── Entries shown ──

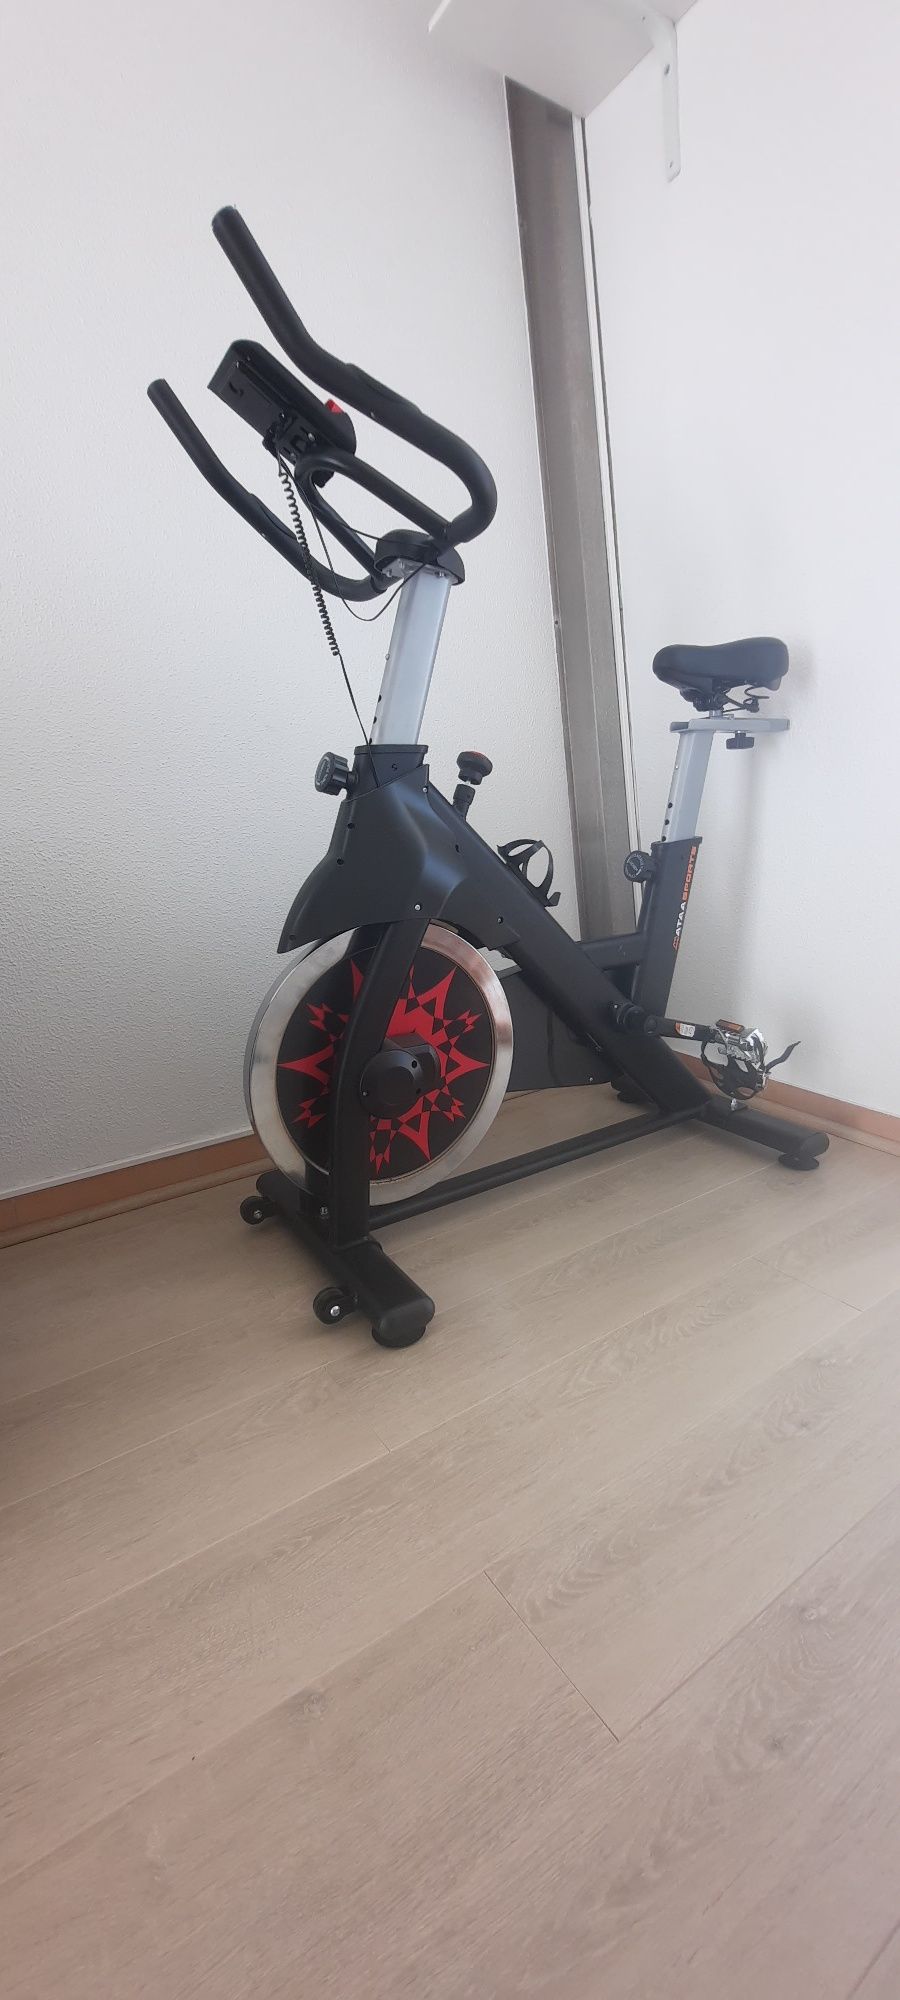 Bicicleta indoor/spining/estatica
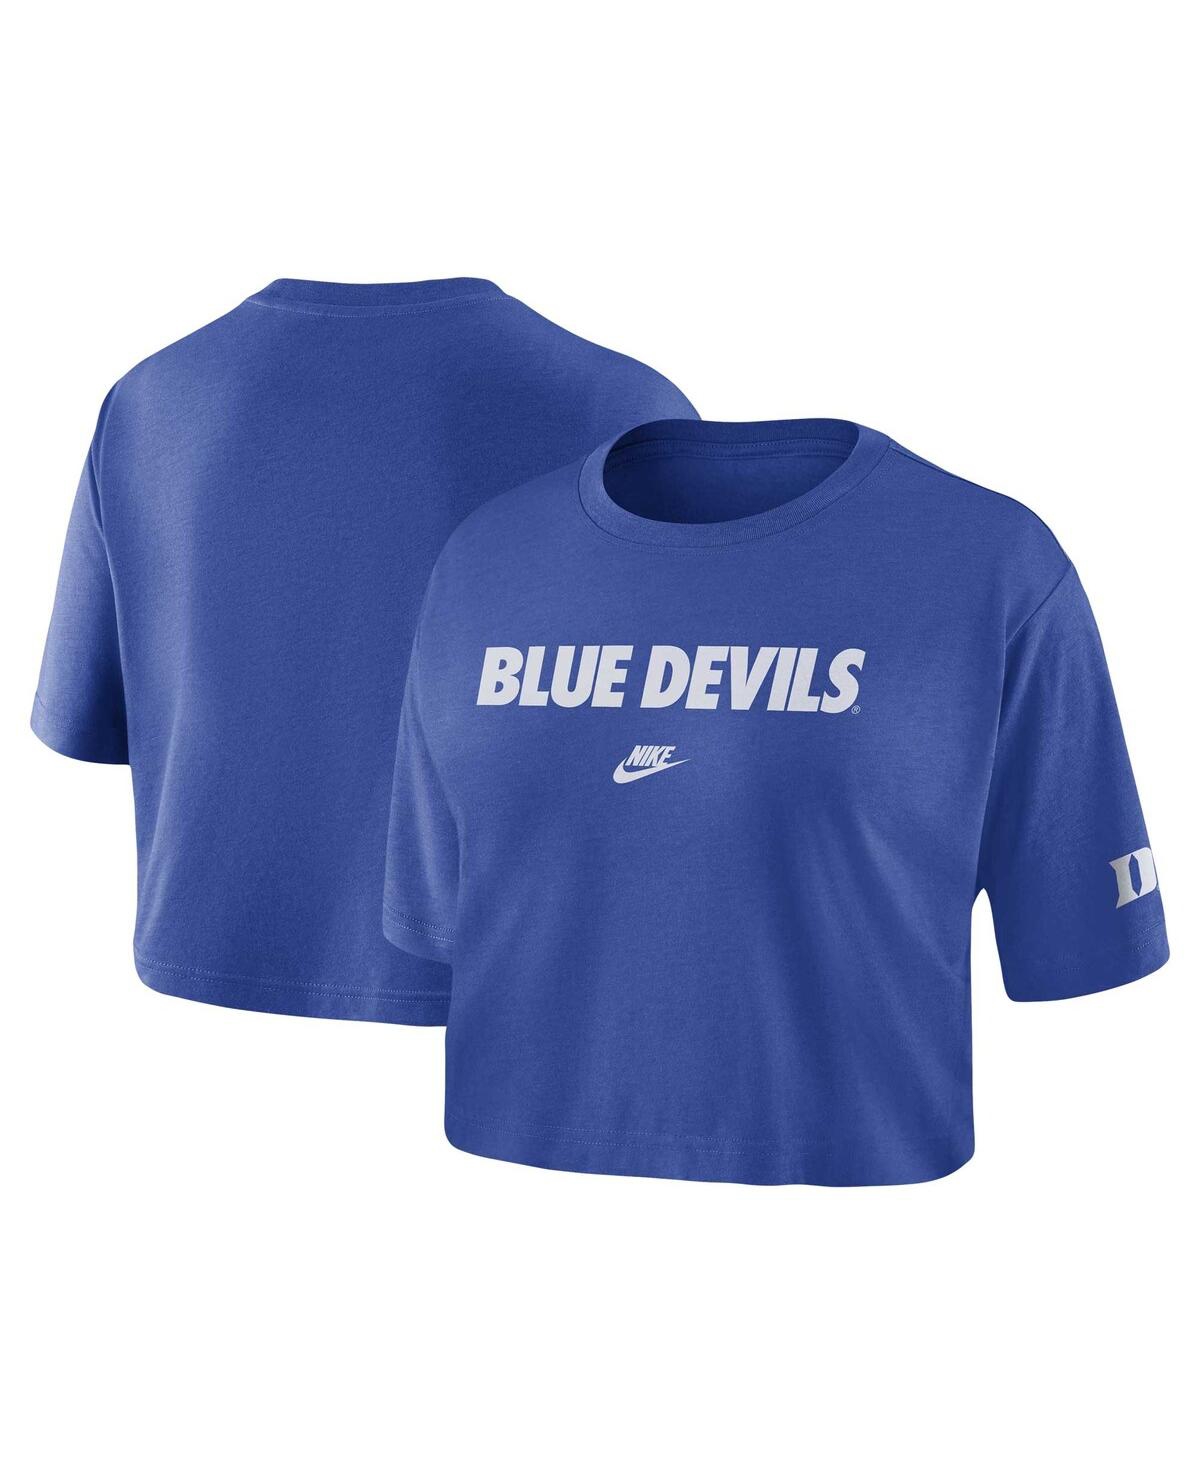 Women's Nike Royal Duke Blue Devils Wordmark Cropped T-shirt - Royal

───
── Entries shown ──

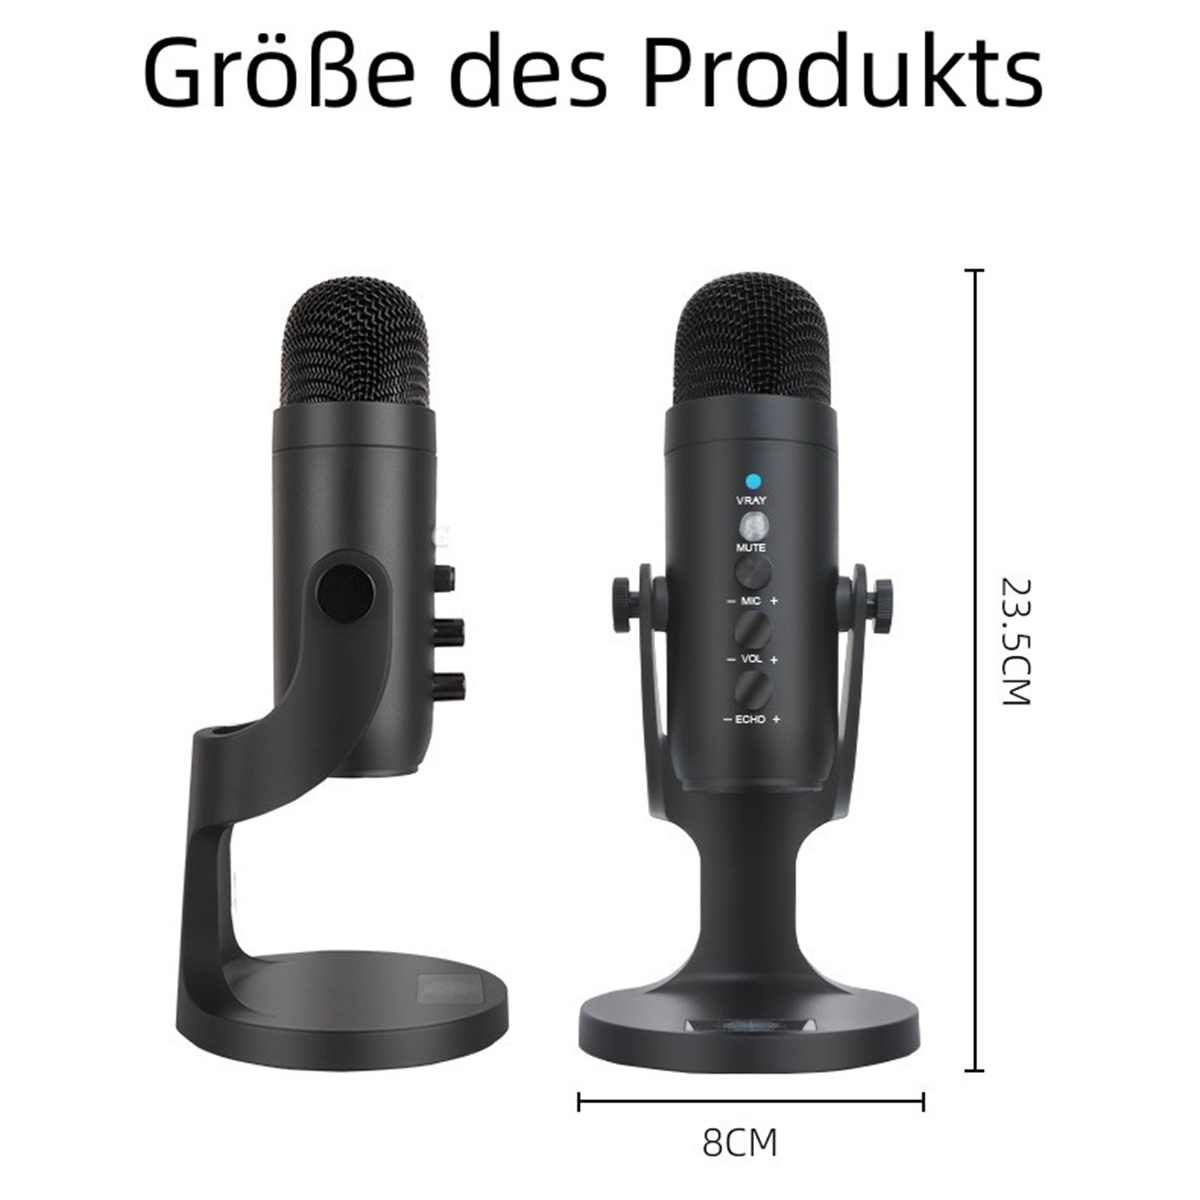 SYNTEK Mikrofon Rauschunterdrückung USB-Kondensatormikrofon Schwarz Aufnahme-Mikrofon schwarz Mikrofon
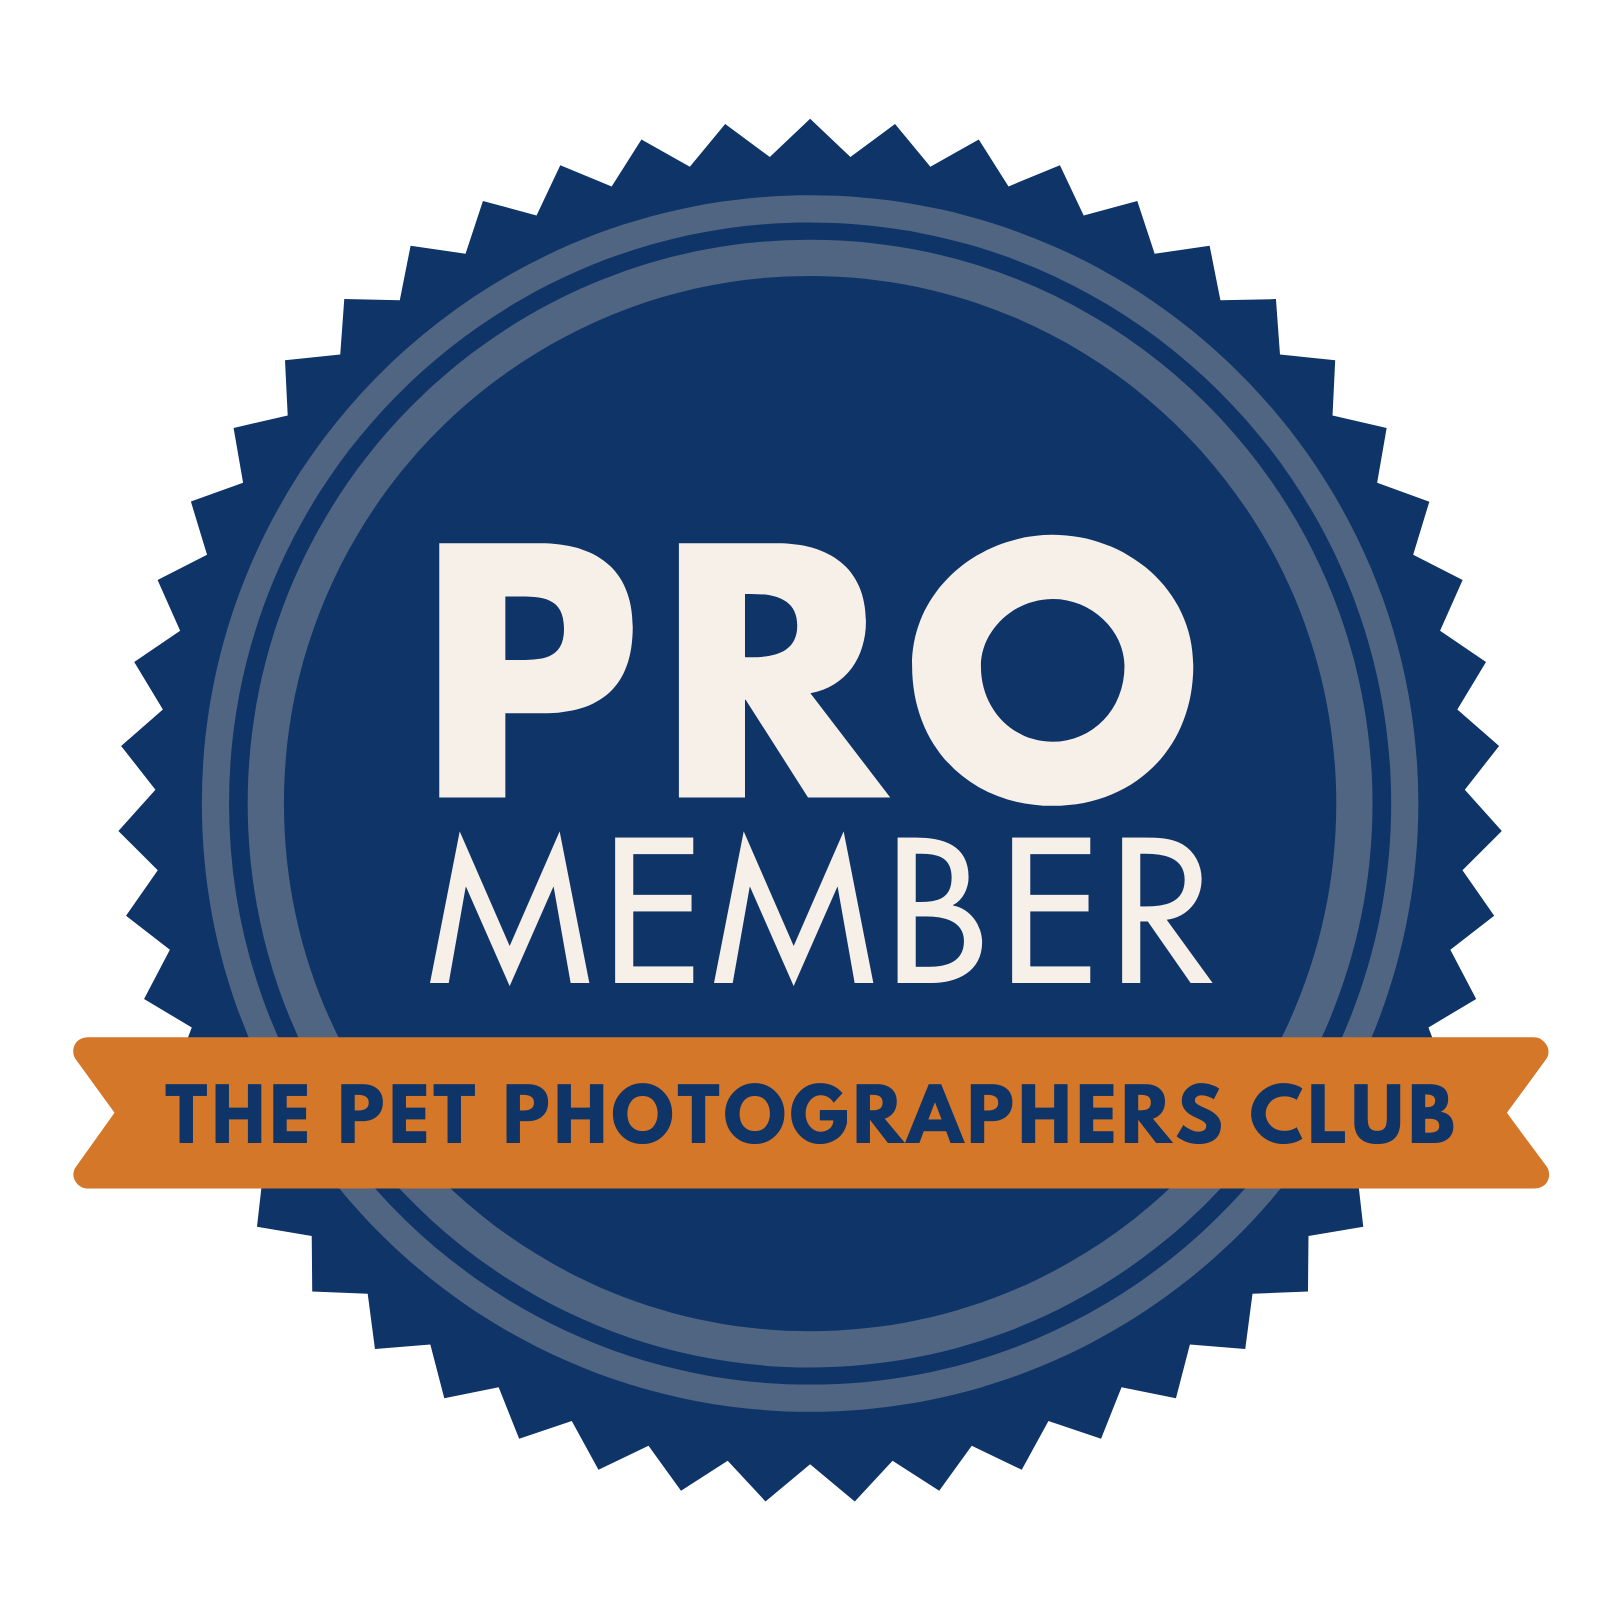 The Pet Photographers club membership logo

───

*Activity:* Starting with the line that has "SYNTEK Mikrofon Rauschunterdrückung" and going on through the line that has "The Pet Photographers club membership logo", transcribe the records above exactly, but skip the pictures.

*Expected answer:*
 SYNTEK Mikrofon Rauschunterdrückung USB-Kondensatormikrofon Schwarz Aufnahme-Mikrofon schwarz Mikrofon
 The Pet Photographers club membership logo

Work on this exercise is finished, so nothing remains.